- Nickname: Niagara Bible Conference
- Frequency: annual
- Locations: Queen's Royal Hotel, Niagara-on-the-Lake, Ontario (1883- )
- Years active: 1875-1897
- Activity: Bible study
- Leader: James H. Brookes
- Topics: Christian missions; prophecy; premillennialism; dispensationalism;

= Niagara Bible Conference =

Held annually from 1875 to 1897, with the exception of 1884

The Niagara Bible Conference (officially called the "Believers' Meeting for Bible Study") was held annually from 1875 to 1897, with the exception of 1884.

== History ==
The Conference was founded as the Believers' Meeting for Bible Study in 1875 by evangelical pastors in the United States. The driving force behind the meeting was James H. Brookes, a Presbyterian minister from St. Louis. Brookes publicized the meeting through his magazine Truth, and devoted substantial space to summaries of the speeches.
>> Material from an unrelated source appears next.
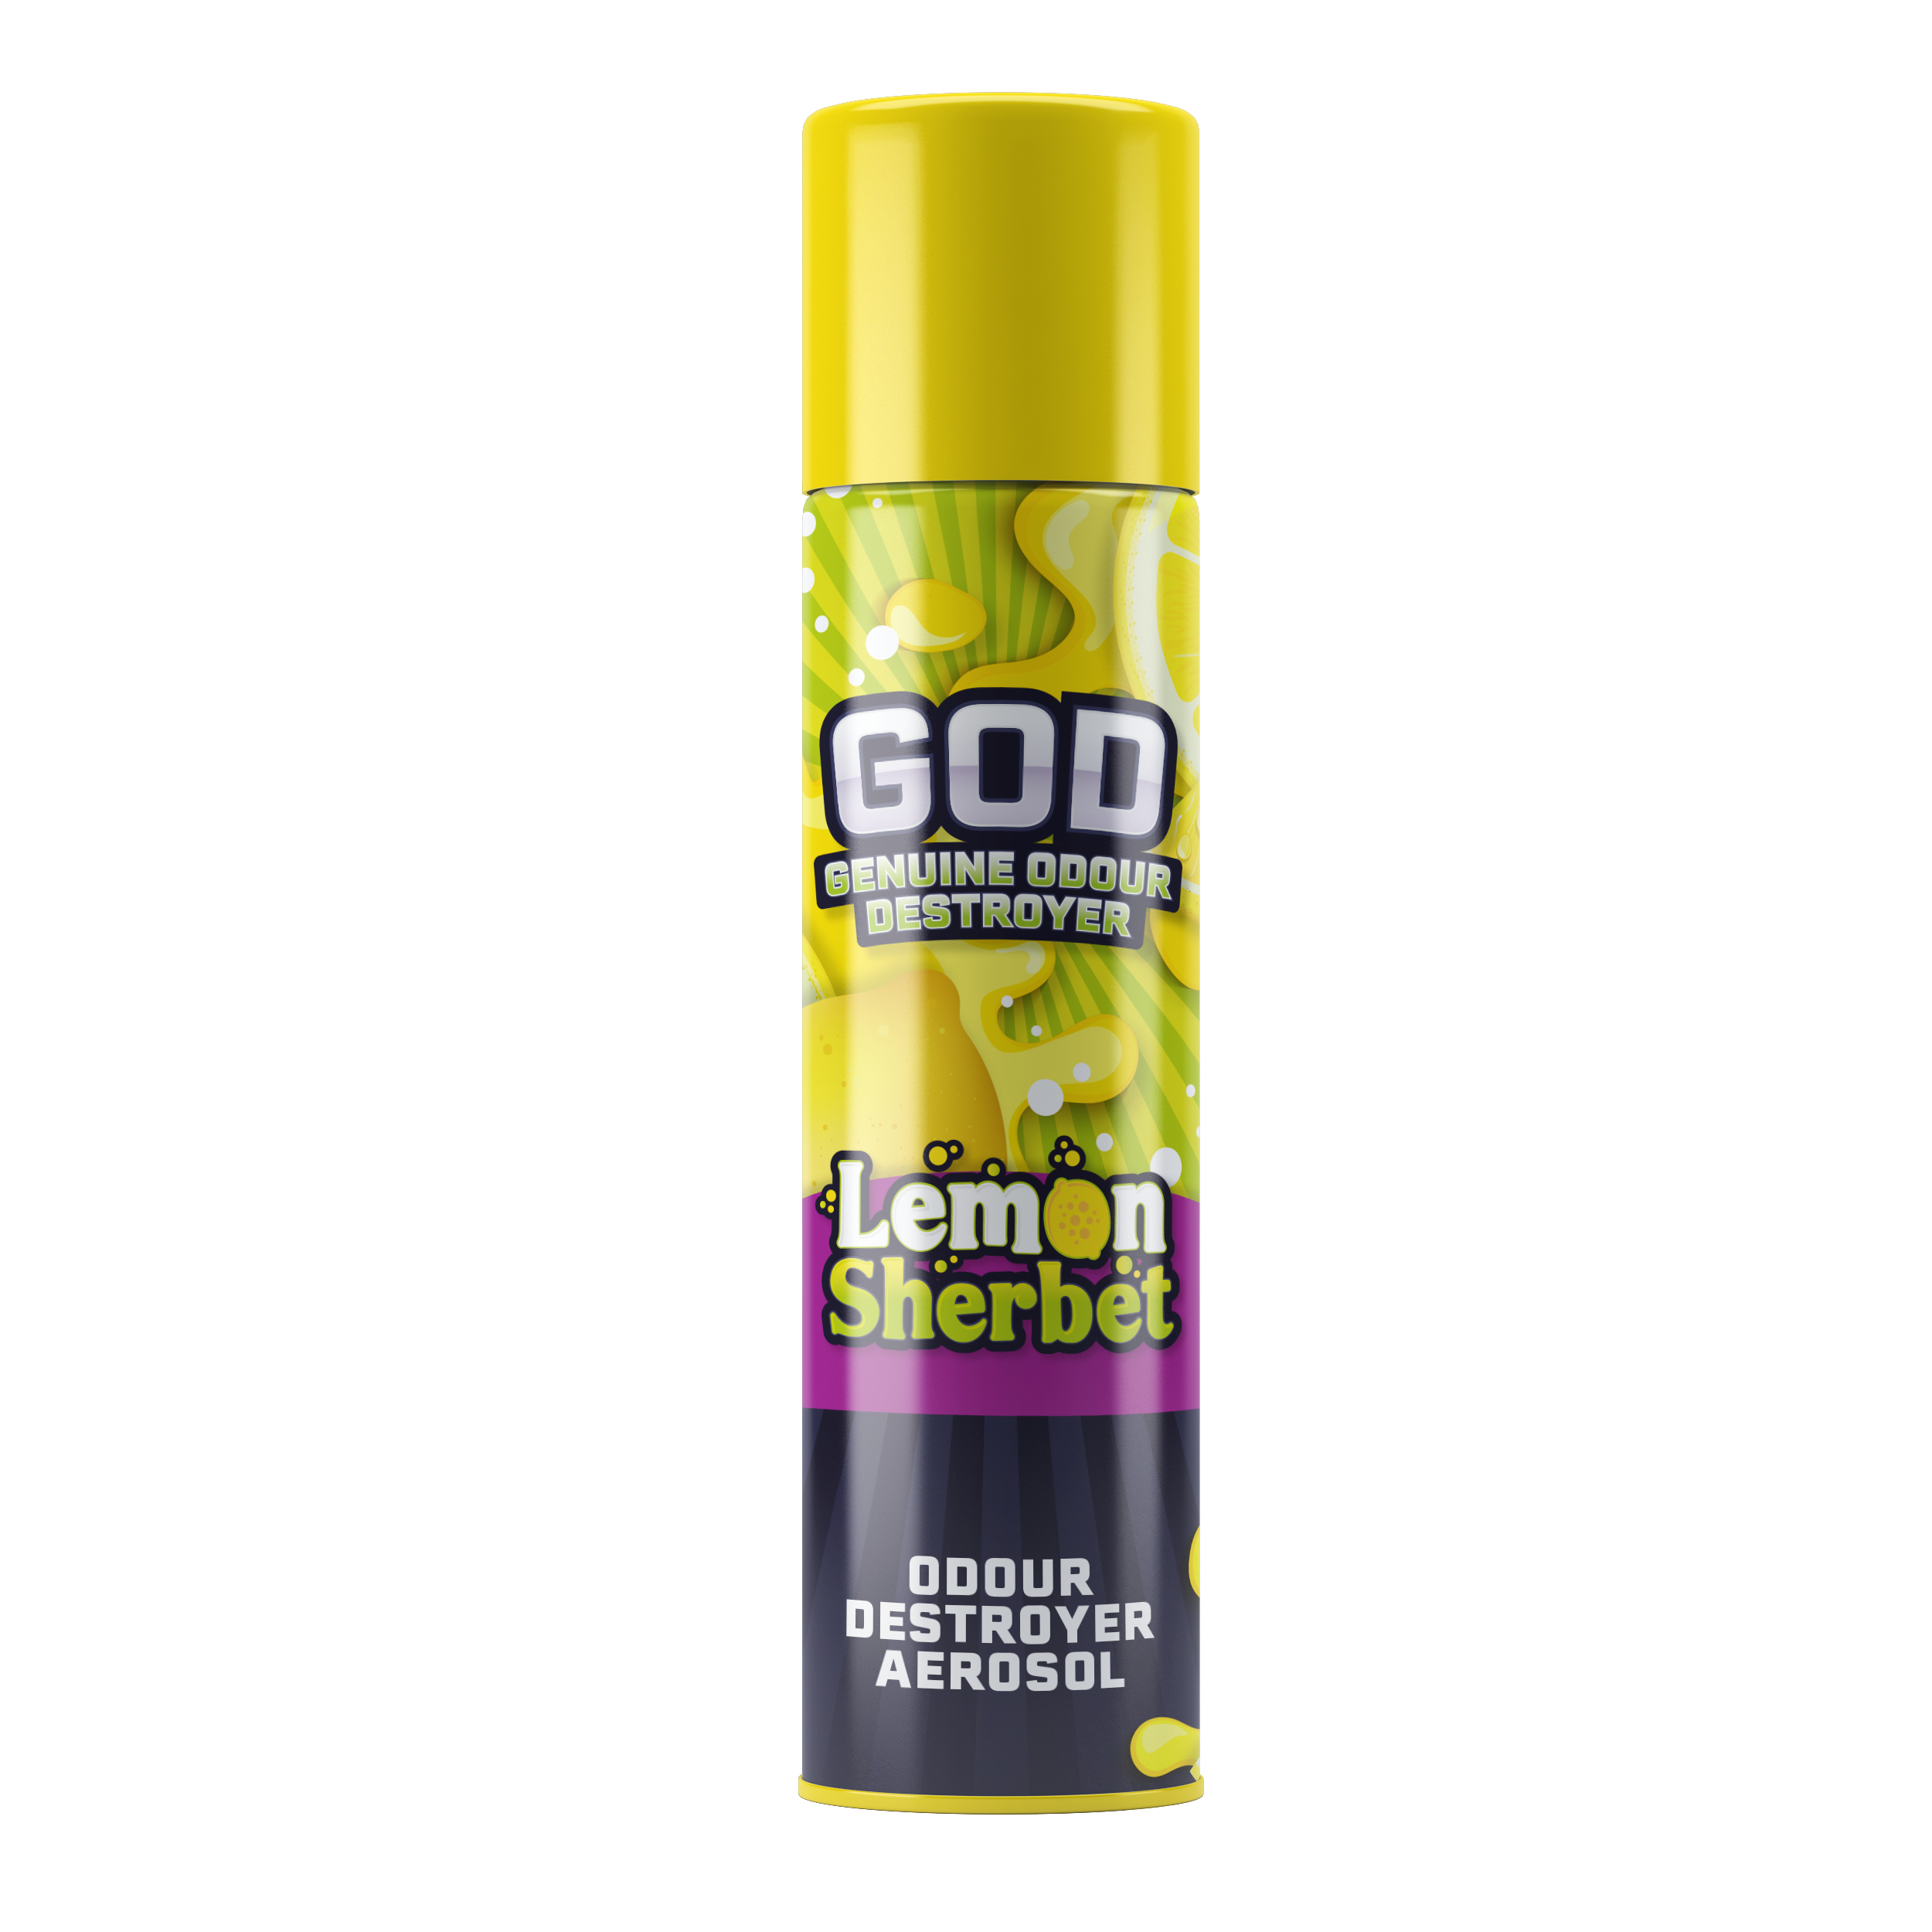 Odour Control Genuine Odour Destroyer Spray 750ml
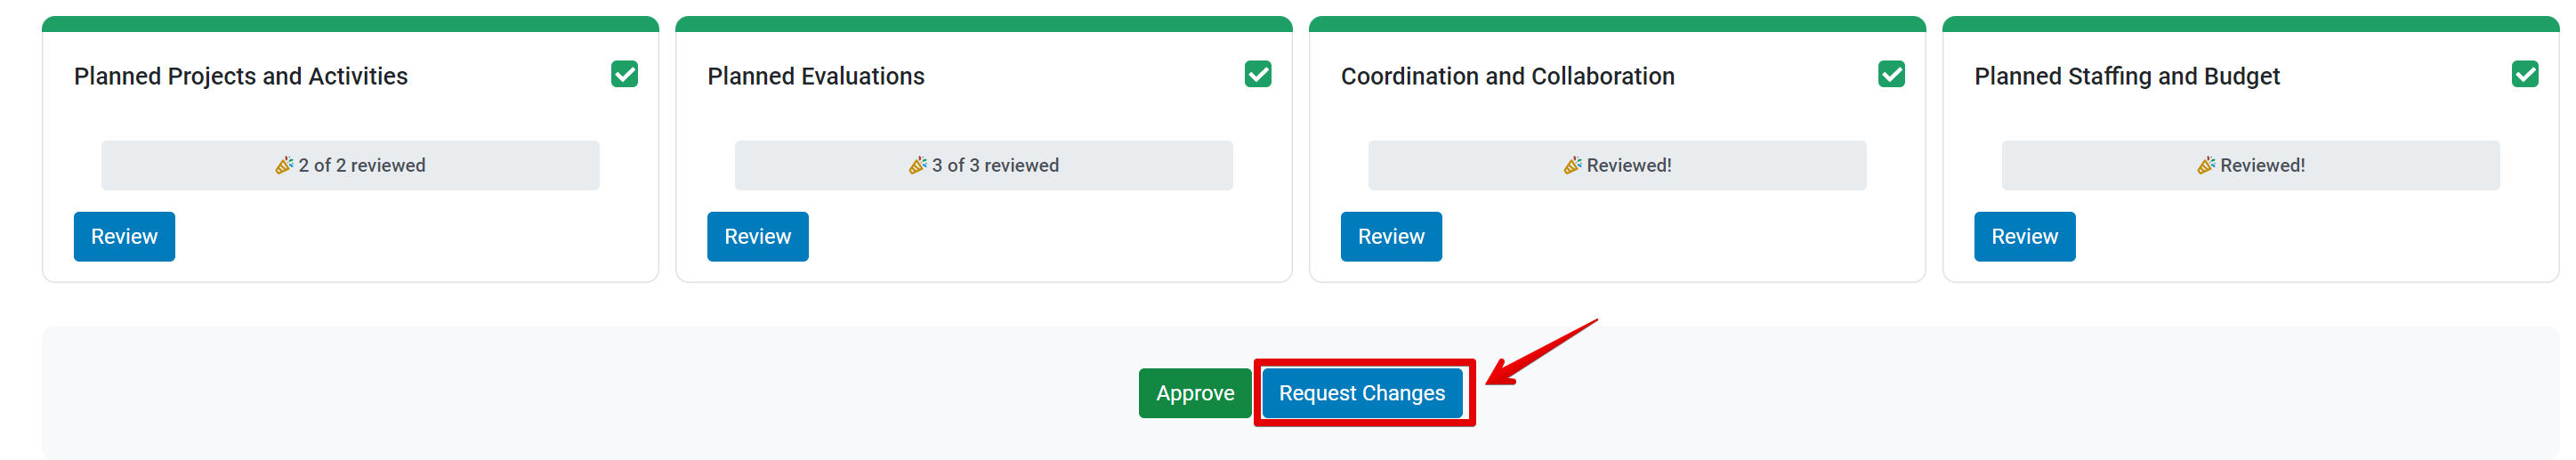 Request changes button

Most of the speakers were dispensationalists, and the Niagara Conference introduced many evangelical Protestants to dispensationalist teaching. The messages generally centered on the doctrines of Christ, the Holy Spirit, the Bible, missions and prophecy. Premillennialism and dispensationalism were defended and taught.

In 1878, 14 fundamental creeds were established by evangelical pastors. The Niagara Creed does not explicitly affirm dispensationalism, but it refers to several key dispensationalist beliefs, including the reality of the millennium, the restoration of Israel, and the distinction between the judgment of the saved and the damned.

Starting in 1883, it was held in Niagara-on-the-Lake, Ontario at the Queen's Royal Hotel and its pavilion. In 1890, the Niagara Creed was officially adopted.